Liftoff was achieved by means of Gioachino Rossini’s Overture to La scala di seta “The Silken Ladder.” As Dr. Edward Rutschman points out in his masterful program notes, the opera is a romantic comedy by 19th century standards. There were lots of musical chuckles in the Overture, led by oboist Joseph Robinson, perhaps the hardest-working retired musician ever. The strings were superb with the cellos and basses achieving orbital velocity.

Photo courtesy Bellingham Festival of Music.

Warp drive kicked in with the aforementioned Britten composition. A Prologue and Epilogue surround six poems from the English literary canon.
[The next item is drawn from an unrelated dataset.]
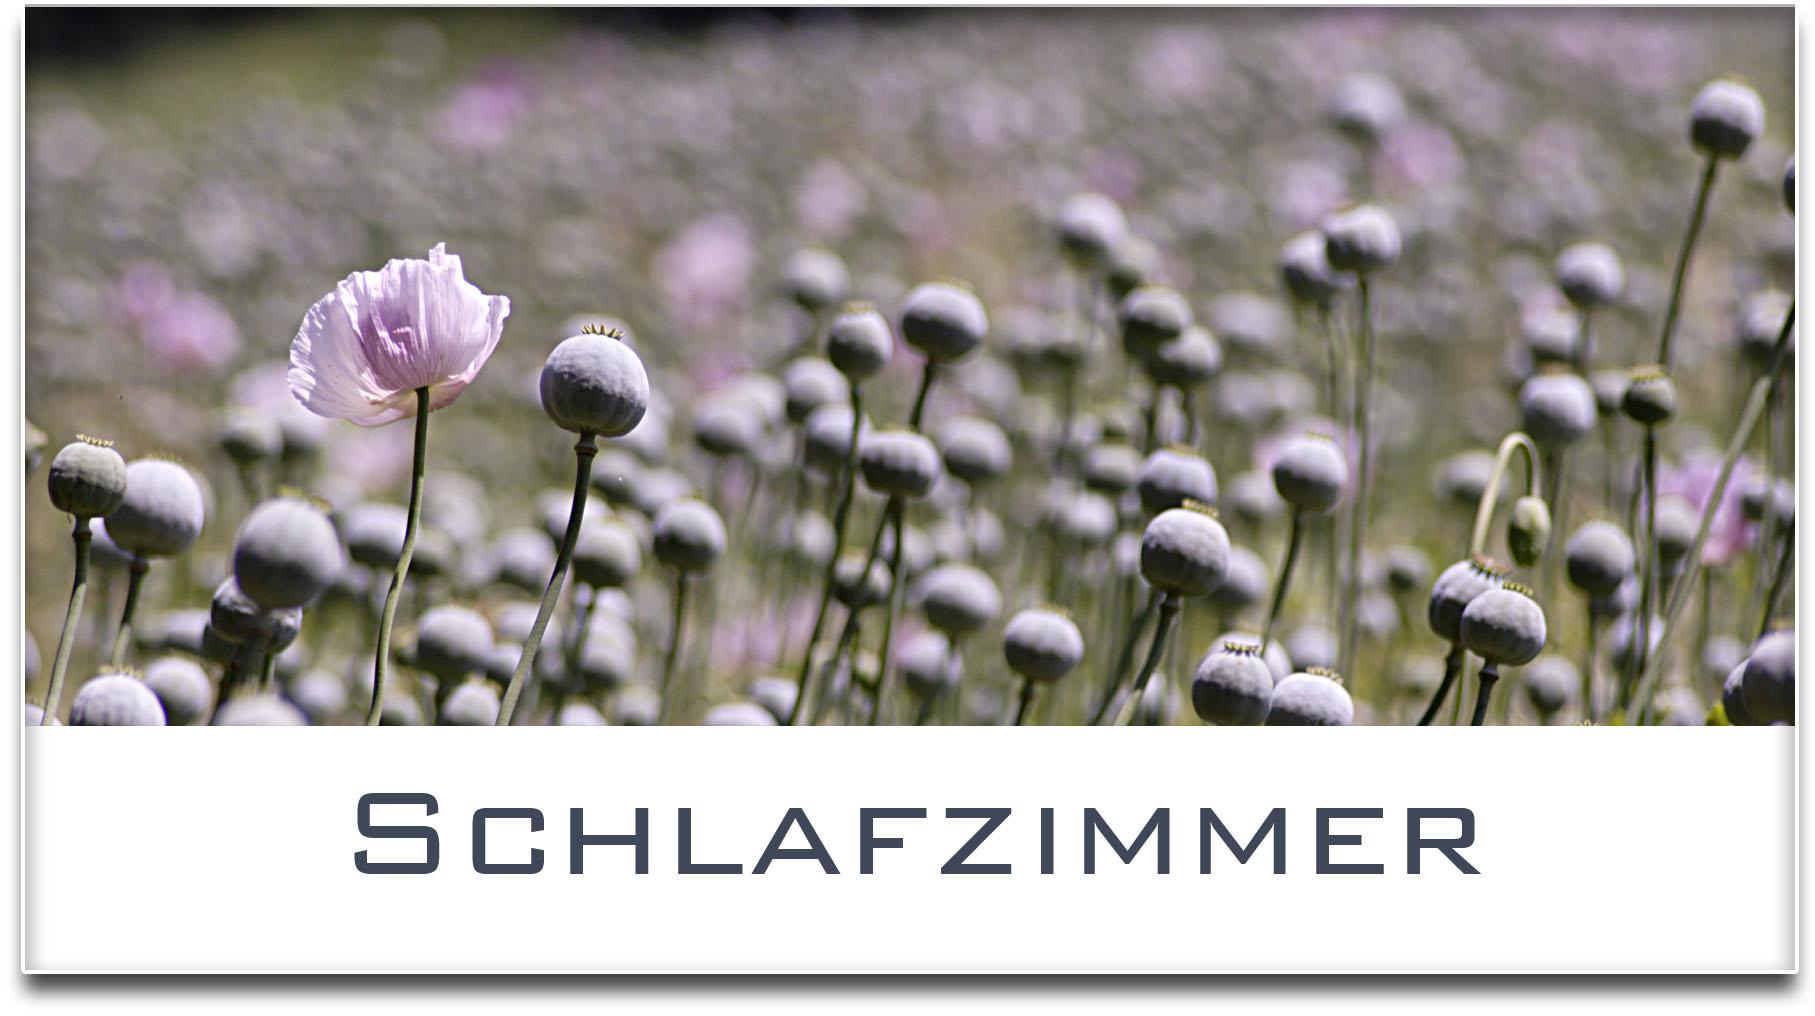 Türschild / Haustürschild / Mohnfeld / Schlafzimmer / Selbstklebend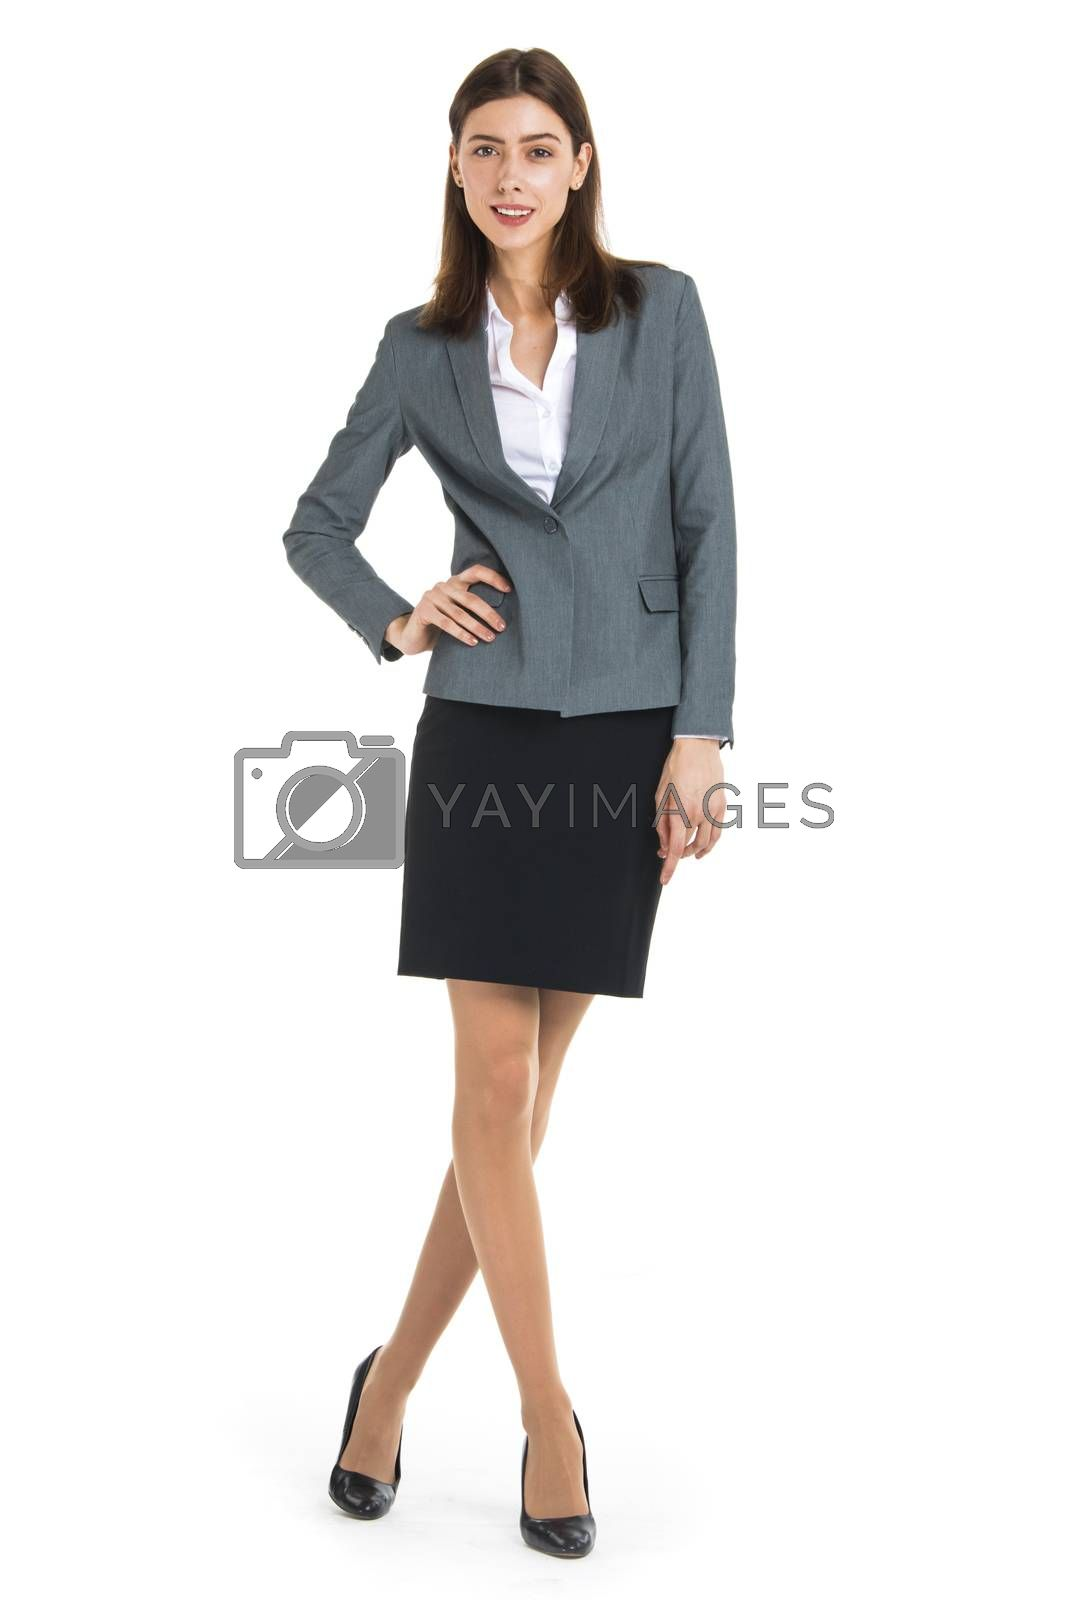 Businesswoman portrait full length studio isolated on white background

Principal horn Brice Andrus delivered the end pieces with astonishing virtuosity. I didn’t know the horn could do things like that. The poems, ranging from Keats to Jonson to Blake, were delivered beautifully by tenor Richard Clement. His voice is not overpowering and doesn’t need to be in this setting. Sweet is the only word that adequately describes his voice and his control is exquisite. The Britten piece drew the first standing ovation of the night.

Photo courtesy Bellingham Festival of Music.

Following intermission, guest artist Jeremy Denk took everyone to the Delta Quadrant with his performance of Franz Liszt’s Piano Concerto #1 in E flat Major. Passionate and joyful, Denk provided an interesting contrast in styles when compared to the equally talented, but rather restrained, Arnaldo Cohen who was featured in the first concert of the season. Denk is a showman and proved it with his body language. The crowd loved it and wouldn’t let him go until he had performed an encore.

Photo credit - J. Henry Fair

Adventuring is a fine thing, but it is always tempered by the desire to return home. Palmer brought us back to Planet Earth with another serenade, this one by Johannes Brahms, the Serenade #2 in A Major, Op.16. He used a modest ensemble of 25 players, all woodwinds and strings. This piece is owned by the woodwinds. Oboist Robinson delivered another stellar performance, ably assisted by clarinetist Laura Ardan.

The Bellingham Festival of Music never goes gently into that good night and Sunday’s final performance will put an emphatic exclamation point on this season. It is a complete concert version of Ludwig van Beethoven’s only opera, Fidelio. The orchestra will be joined by some celestial soloists and the magnificent Festival Chorus.